En el corazón de Belén de Escobar funciona una de las instituciones educativas más grandes y emblemáticas del distrito: la Escuela de Educación Secundaria Técnica N°1 “Capitán Hipólito Bouchard”, ubicada en la calle Independencia 450. Con una matrícula que ronda los 2.600 estudiantes distribuidos en tres turnos, es una de las escuelas técnicas más numerosas de la región y un pilar de la educación pública local.
Sin embargo, detrás de esa dimensión institucional se esconde una realidad que preocupa a estudiantes, familias y parte de la comunidad educativa: la falta de mobiliario y los problemas edilicios que se repiten año tras año.

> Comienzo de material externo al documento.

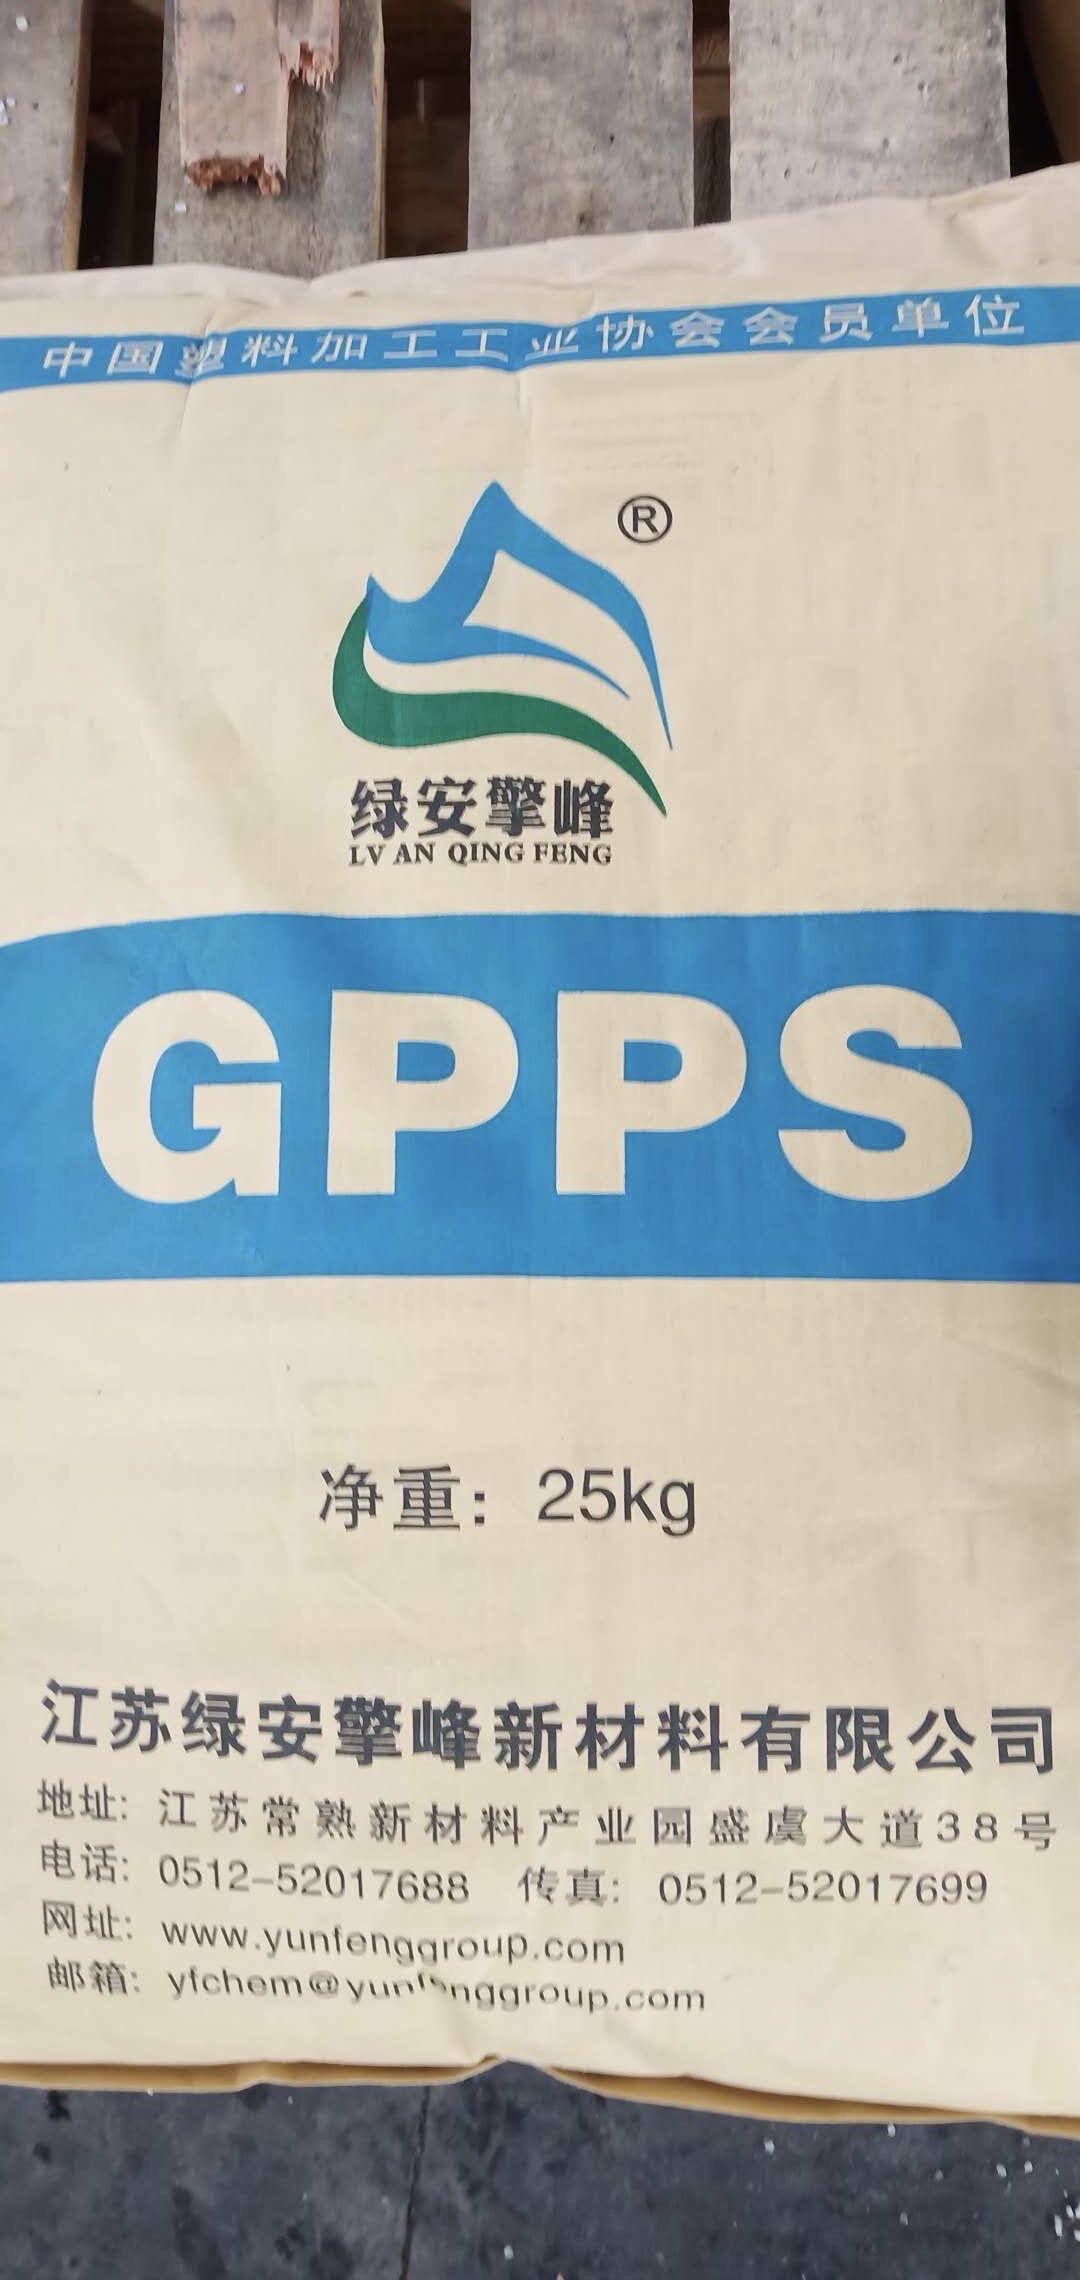 GPPS 绿安擎峰 GP-525 透明级2

Una escuela grande con problemas básicos
Desde hace tiempo, alumnos y docentes describen una escena que se repite casi a diario: al comenzar la jornada, muchos estudiantes deben salir a buscar sillas o mesas para poder sentarse en clase.
La falta de mobiliario genera situaciones de tensión en los primeros minutos de la mañana. En algunos cursos, quienes llegan tarde a las aulas deben recorrer pasillos o subir escaleras rápidamente para conseguir una silla disponible en otros salones.
Esta dinámica no solo interrumpe el inicio normal de las clases, sino que además plantea riesgos de seguridad: la circulación apurada por escaleras y pasillos para conseguir un asiento se vuelve parte de la rutina escolar.
La problemática no sería nueva. De acuerdo con testimonios de miembros de la comunidad educativa, el déficit de sillas y pupitres se arrastraría desde hace más de una década, con referencias que sitúan el inicio del problema alrededor de 2013. A pesar del crecimiento de la matrícula, el equipamiento no habría acompañado esa expansión.
Infraestructura deteriorada
El mobiliario no es el único problema que preocupa a estudiantes y familias. Distintos integrantes de la comunidad escolar señalan que el edificio presenta falencias edilicias que afectan el desarrollo normal de las clases.
Entre las principales dificultades mencionadas se encuentran:
● Falta o deterioro de puertas y vidrios en algunas ventanas
● Ventiladores que no funcionan en varias aulas
● Problemas con el suministro de agua
● Limitaciones eléctricas que impedirían instalar aires acondicionados o equipamiento tecnológico, como proyectores
Estas condiciones se vuelven especialmente críticas durante los meses de calor. Sin ventilación adecuada, las aulas pueden transformarse en espacios difíciles para el aprendizaje, situación que se agrava cuando los estudiantes deben permanecer varias horas en clase.
Paradójicamente, en algunas materias teóricas los alumnos deben asistir con guardapolvo, lo que incrementa la incomodidad cuando las temperaturas son elevadas.
Antecedentes de problemas edilicios
Las dificultades en la infraestructura no son un fenómeno aislado. En 2023, por ejemplo, el desprendimiento de parte de un cielorraso en una de las aulas provocó la intervención del Consejo Escolar de Escobar y obligó a realizar tareas de reparación. En ese episodio, cuatro estudiantes debieron ser asistidos tras el incidente.
Este hecho volvió a poner en agenda el estado del edificio y la necesidad de inversiones sostenidas en mantenimiento y seguridad. Cabe recordar que la escuela es considerada históricamente una institución emblemática de la educación técnica en el distrito, y en distintos momentos se anunciaron inversiones para su refacción y puesta en valor.
Sin embargo, para muchos integrantes de la comunidad educativa, esas intervenciones no lograron resolver los problemas estructurales.